Found a bunch Chronicles Crypts in an old binder though. And yeah, I know this tournament allows Chronicles reprints, and I'm certainly never going to bash anyone except Jeff White for playing with Chronicles Tormod's Crypts. But I personally have an affinity for the old printings, and so I'll limit myself to play with what I have from The Dark. And I guess I now have a good enough excuse to trade for some more The Dark Crypts.

So that's MaskNought. A combo-control deck that can sometimes take the aggro route with burn and factories if it needs to. An amazingly fun deck with quite a few decision trees, but also a deck that occasionally just says "Oops, I win". And the Mask is just a hilarious card. At one point in the tournament I got to play a face-down Dreadnought for 2U to have my opponent play around Serendib Efreet. Illusionary Mask feels like actual Magic when you use it, perhaps not unlike Mirror Universe in that sense. This pile is also simply a good deck, if that's the kinda thing that floats your boat. If you have access to Masks somewhere, I much recommend taking them for a spin.


  1. Hi MG. Interesting deck tech. I have even never played against this mask. Must be very funny, mainly when your opponent is not aware, what creatures you are playing.

    Hope you win the tournament. I would like to read about the second part as well.

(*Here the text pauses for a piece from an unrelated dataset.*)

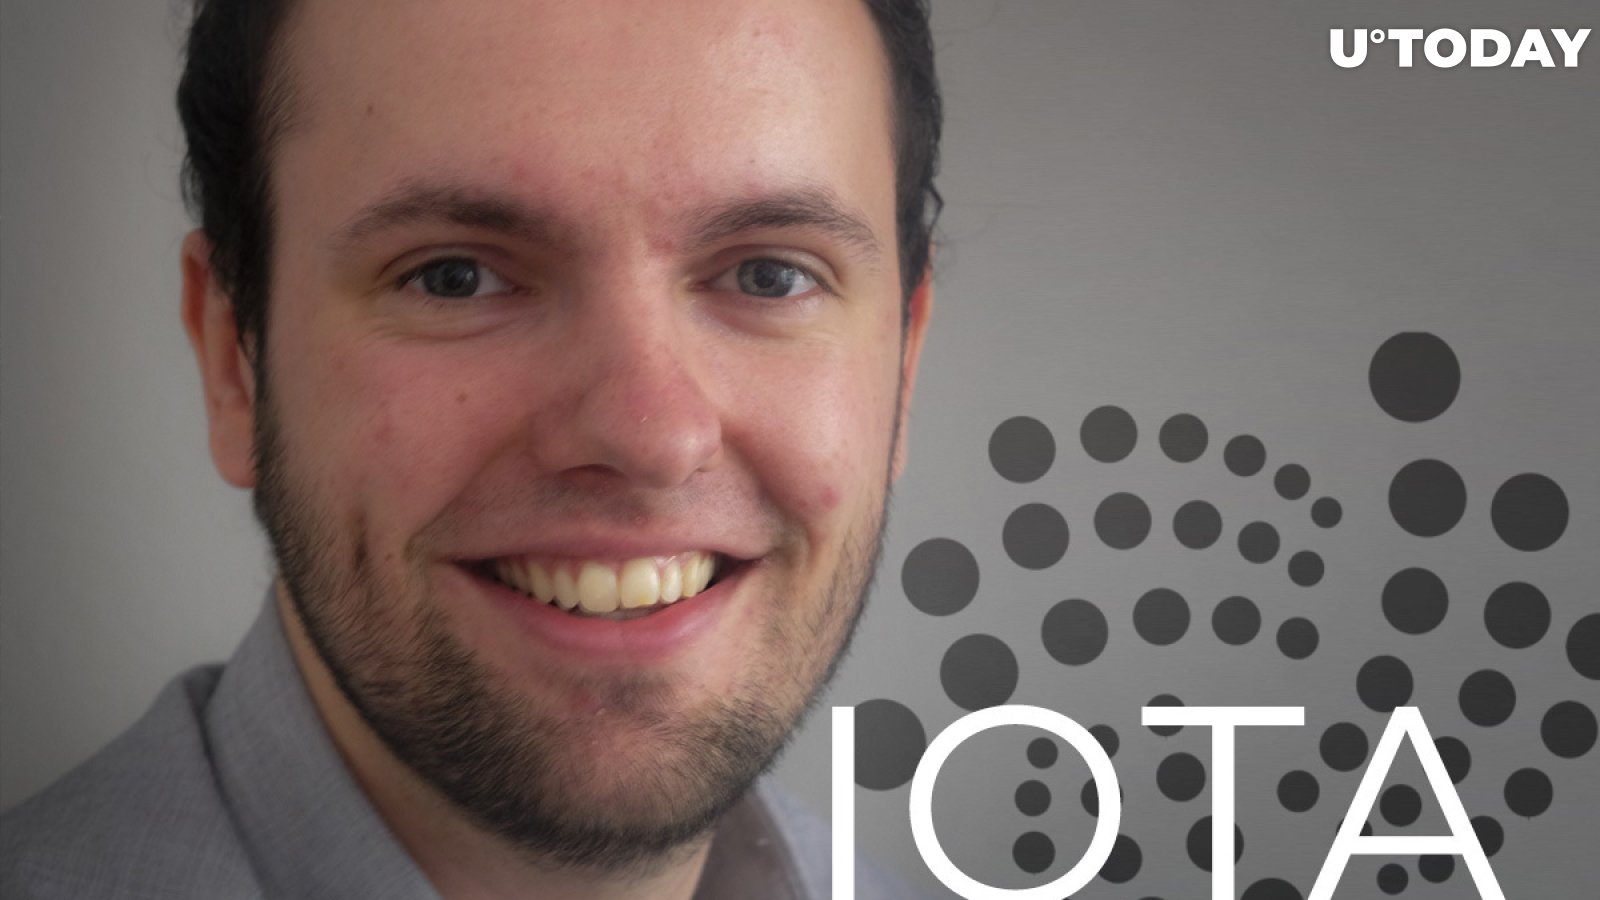 IOTA's Identity Solution Can Protect Your Data From Tech Giants: IOTA Foundation's Jelle Millenaar

    1. Thanks Jirka! We're down to the last four players standing now, but the final games tend to be tricky ;)

      And yeah, the bluffing part of the mask can be really fun. I've e.g. held kird apes and factories at bay with a face-down Flying Men which my opponent suspected was a Serendib Efreet;

  2. The Abyss targets a creature, when it targets a facedown dreadnought, the card flips over revealing to the abyss that it is an artifact and therefore an illegal target. So the abyss trigger will fizzle, and the dreadnought will remain in play.

    It’s a similar exchange if ashnod’s Transmogrant is used while the abyss is on the stack but before it has resolved.

    1. Wow nevermind I’m completely wrong. I thought the card was considered a morph, but it’s not. You are right. It would die to the abyss unless you find a way to target it first.